Criminal Activities (2015)

If you've ever seen the well-acted, well scripted movie Suicide Kings, that movie had its flaws that needed to be addressed, but it was a decent movie on the whole. The idea behind that movie was that a group of guys found themselves in the situation where they needed to do something that they had no experience with - kidnapping a mobster, tying him to a chair, and then the drama unfolds between a group of guys with internal struggles.

Well, you now have the plot for this movie. Instead of Christopher Walken as the mobster, though, you have John Travolta with a distressing hair line. It would be unfair to John to compare him to Christopher Walken, as the two roles reflect differing attitudes. After all, Christopher is an older statesman (even in 1997) and John is just about the right age for a guy who has risen to power and is enjoying the bubble. John doesn't overact in this role as he has done in the past, but whoever decided the bird-hair was a good idea needs to stop working with hair.

Michael Pitt leads this group of amatures. He was very good in Funny Games, and I also liked him in Boardwalk Empire. In this movie, he's a crazed, uncontrolled office worker who never really settles on his character. It's hard to settle on a character who is written so poorly, so I can't entirely blame him.
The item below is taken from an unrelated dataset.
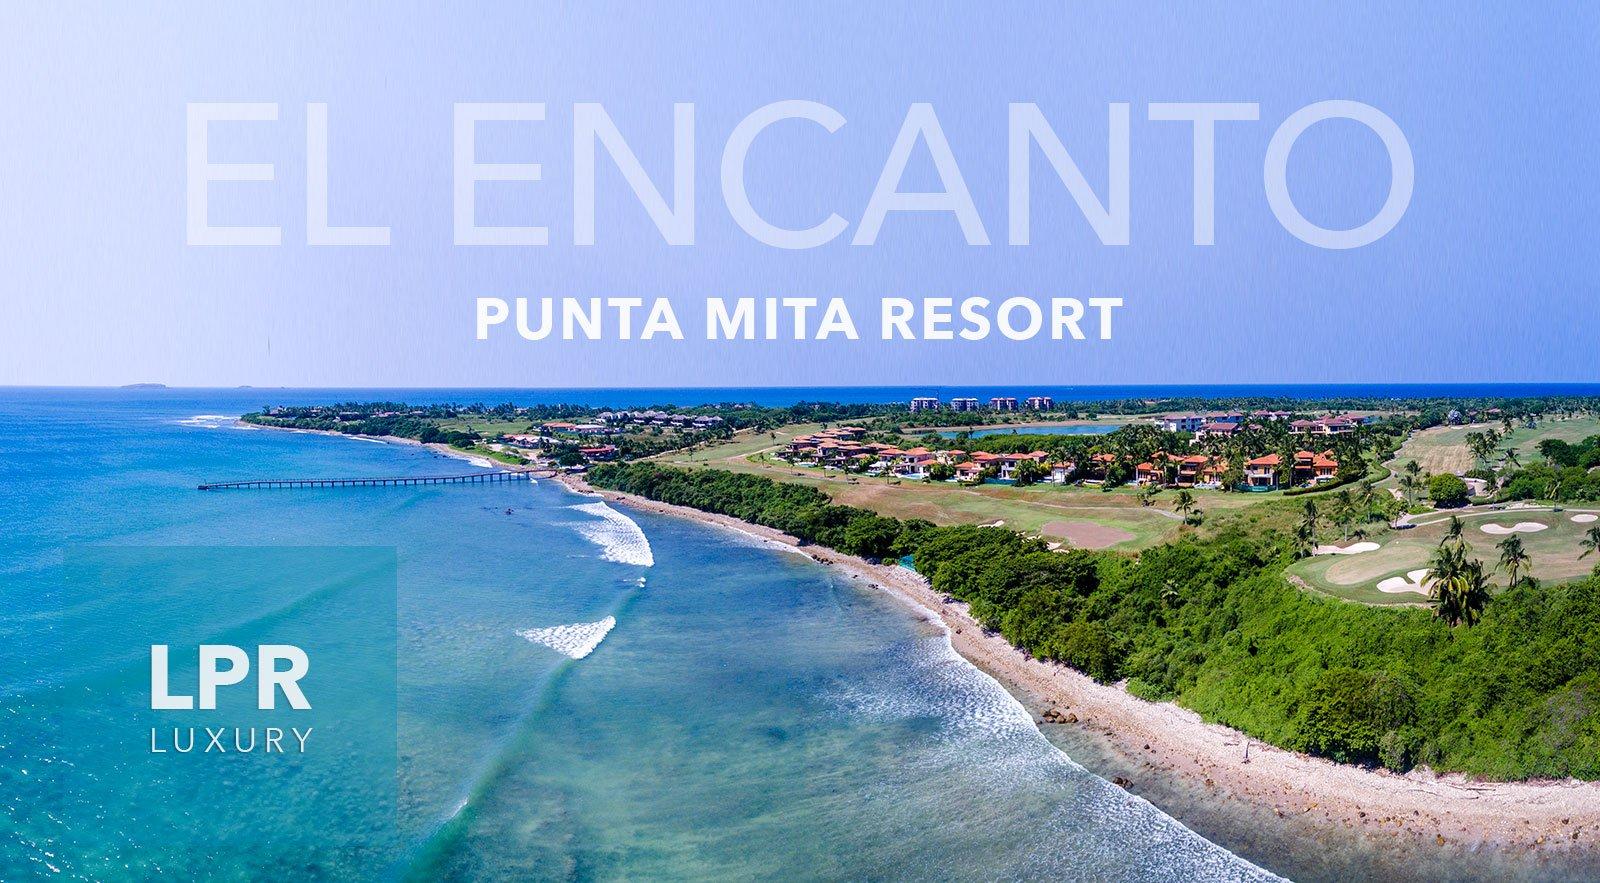 El Encanto - Luxury real estate and vacation rentals at the Punta Mita Resort, Riviera Nayarit, Mexico

He's obsessed with finding out if his girlfreind is cheating on him, he yells orders at everyone all the time, doesn't seem particularly good at his job, and he's generally an unlikable person.

Dan Stevens plays the whiny, soft, and annoying friend from college who gets the group a bunch of money to buy stock in a sure thing that falls through. That money, as you have no doubt guessed, came from Travolta. So, when the sure thing falls through, the group in in his debt - and they have to kidnap someone for Travolta in order to clear the debt. Dan played Matthew on Downton Abbey, and I have seen every episode of that show without having recognized him in this movie. He lost a bunch of weight, has some messed up hair, and generally gets right into his role.

The only other guy I recognize is Jackie Earle Haley. You may remember him as Rorschach from Watchman or the disappointing role of Freddy in the remake of A Nightmare on Elm Street. Well, he plays the smart and sometimes funny henchman who gets things done and takes everything in stride. So, if I were to call back to Suicide Kings again, he replaces Dennis Leary. His role is very one dimensional, and his fills the dimension just fine.

No more red hair, but Rorschach still scares me.
The most upsetting thing about this movie is that it tries to build a twist in a few times, and the twists either don't make sense, aren't interesting, or really don't matter. By the end, I really didn't care about the characters or anything that happened to them because I never got the idea that any of them were worth giving a crap about. Now, I only watched this movie because it got generally favorable reviews from IMDB, Metacritic, and Rotten Tomatoes. I don't know what these people were thinking.

Acting was generally pretty good
Story was very simple
Dialogue was weak
Character development was minute
Direction was weak

Bottom Line: If I were you, I'd go back and watch Suicide Kings instead.